如果是安陵愁月的话,今天他手里的筹码不是安煊,而是其他的任何东西,就一定不会站出来,但是八年前她就以行动告诉他,她在意那个孩子。

所以,他很肯定,安陵愁月会为了安煊站出来。

“是我啊。”

有人开口说话了,拓跋尘的身子微微的颤了下,但当那声音传入耳内,他抿一抿唇,双眼睨向了说话的人——

凤娘。

集玉堂的老板娘。

凤娘从人群里站了出来,“王爷,您今天来这里是……见我的吗?”

凤娘表面上笑着,心里却涌上不安,刚见到拓跋尘时,她心里就打着突,今天卢书生去退婚,拓跋尘说是要安煊的母亲亲自去,她本来想着说明天再去,好歹给自己留一晚上做应对新准备。

没想他就来了。

他出现得很意外,她来不及躲,所以只能迎头上去,心想人家也不一定是来谈安煊的事,可没想到绕了一个大圈子,还是为了安煊而来。

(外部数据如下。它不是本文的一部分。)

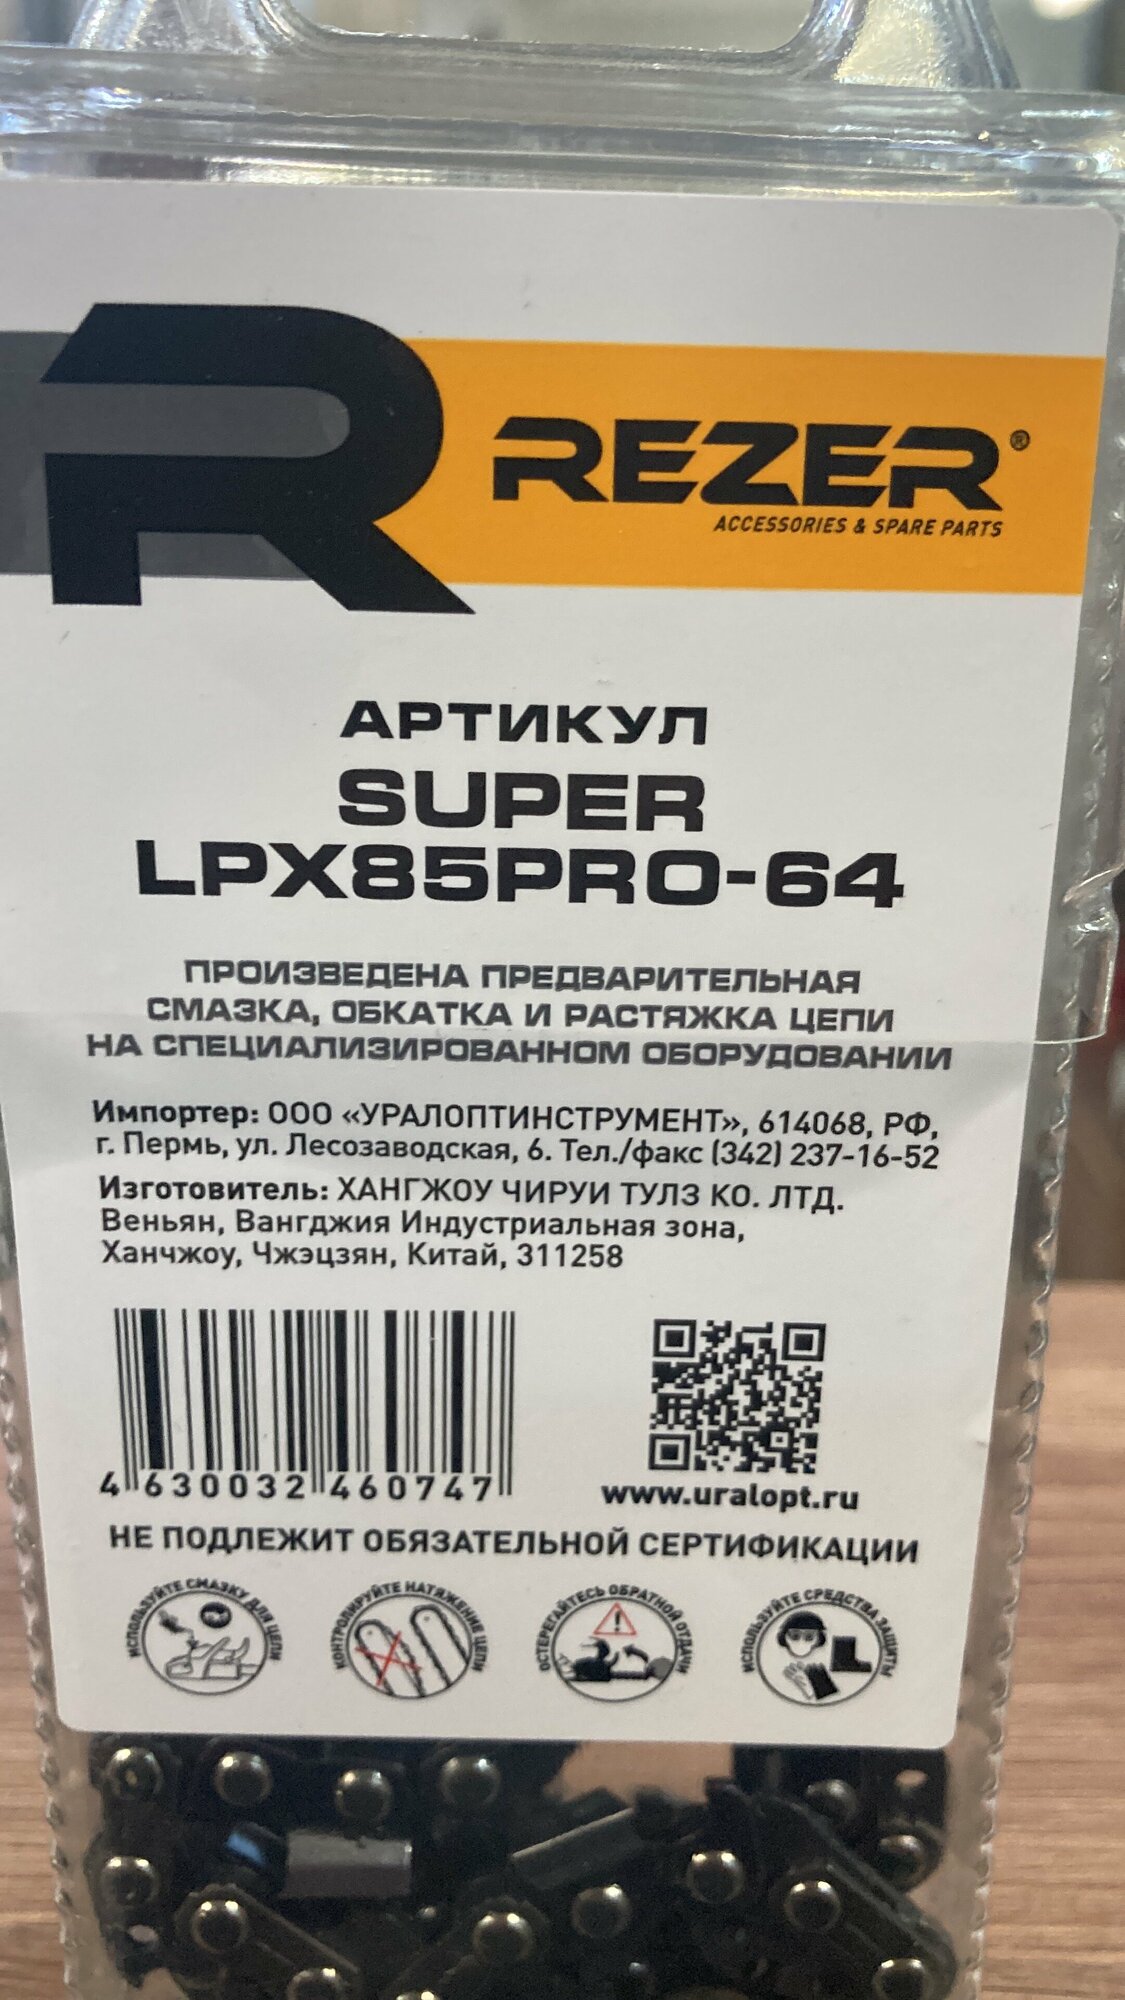 Цепь Rezer Super LPX85 Pro-64 15
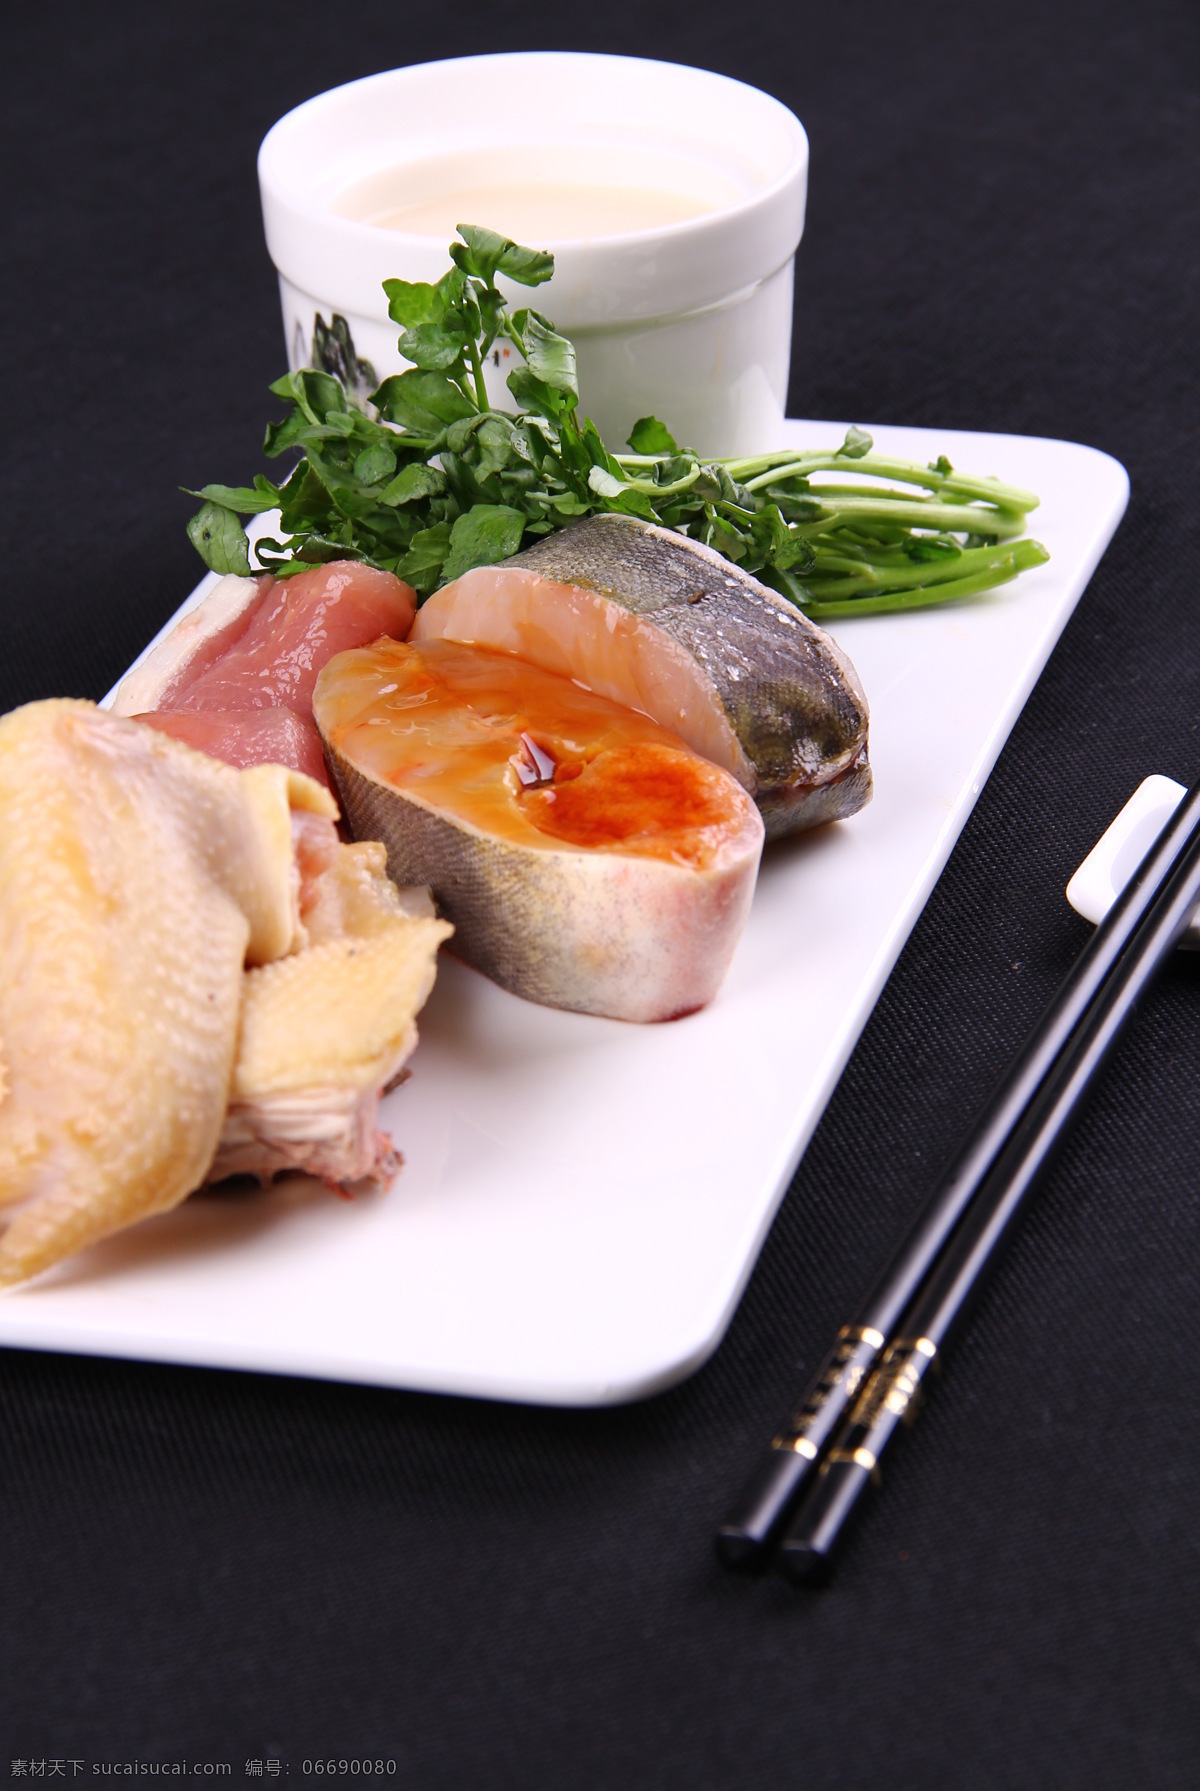 中餐生鱼 中餐 美食 中式 粤菜 凉菜 热菜 炖品 西洋菜 生鱼 传统美食 餐饮美食

不,或者说,他是为了“安陵愁月”而来,凤娘那张娇容精致的脸变得有些古怪起来。

倏然,凤娘只觉得眼前一阵风拂来,下一刻她的眼前站定了一个,再下一秒,她的下颚被人抬了起来,对上一双鹰隼般的冷眸。

她心微微一震,用力的挤出笑。

“王、王爷,你这是在干什么?”

拓跋尘细细的看着她,似乎要从她的脸上察看出什么,良久,他眼露失望,眼里迸出强烈的杀意,声音带着深沉的不悦。

“你不是她。”

他放开了她。

凤娘往后退了好几步,下巴都被捏疼了。

凤娘却不敢伸手去揉,就怕他会突然再靠了过来,她握紧手里的丝巾。

“王爷,安煊还小,那婚事……”

她的话,被他锋利的眼神截断了。

“照常举行。”他优雅的弹了弹袖口,眸底凝聚着风暴。

安陵愁月,你好样的,居然摆了他一道。

既然你把他的孩子给别的女人当女儿,那……他就娶了自己的女儿当妾室,看你还藏不藏着。

拓跋尘走后,人群一轰而散,有人挤过来要向凤娘道喜,凤娘的脸色却惨白无比。

☆、退婚(8)

她反射性的摸了摸自己的下巴,就在拓跋尘说“你不是她”的时候,她敏锐的察觉到拓跋尘滔天的愤怒,她似乎与死神擦肩而过……

“凤老板,你真是好福气,女儿才七岁就是既定的富贵王妃……”

凤娘根本听不下去这些,她猛地推开那些人,随意的对着某个姑娘说,“把这里看好。”人就匆匆忙忙地跑出去了。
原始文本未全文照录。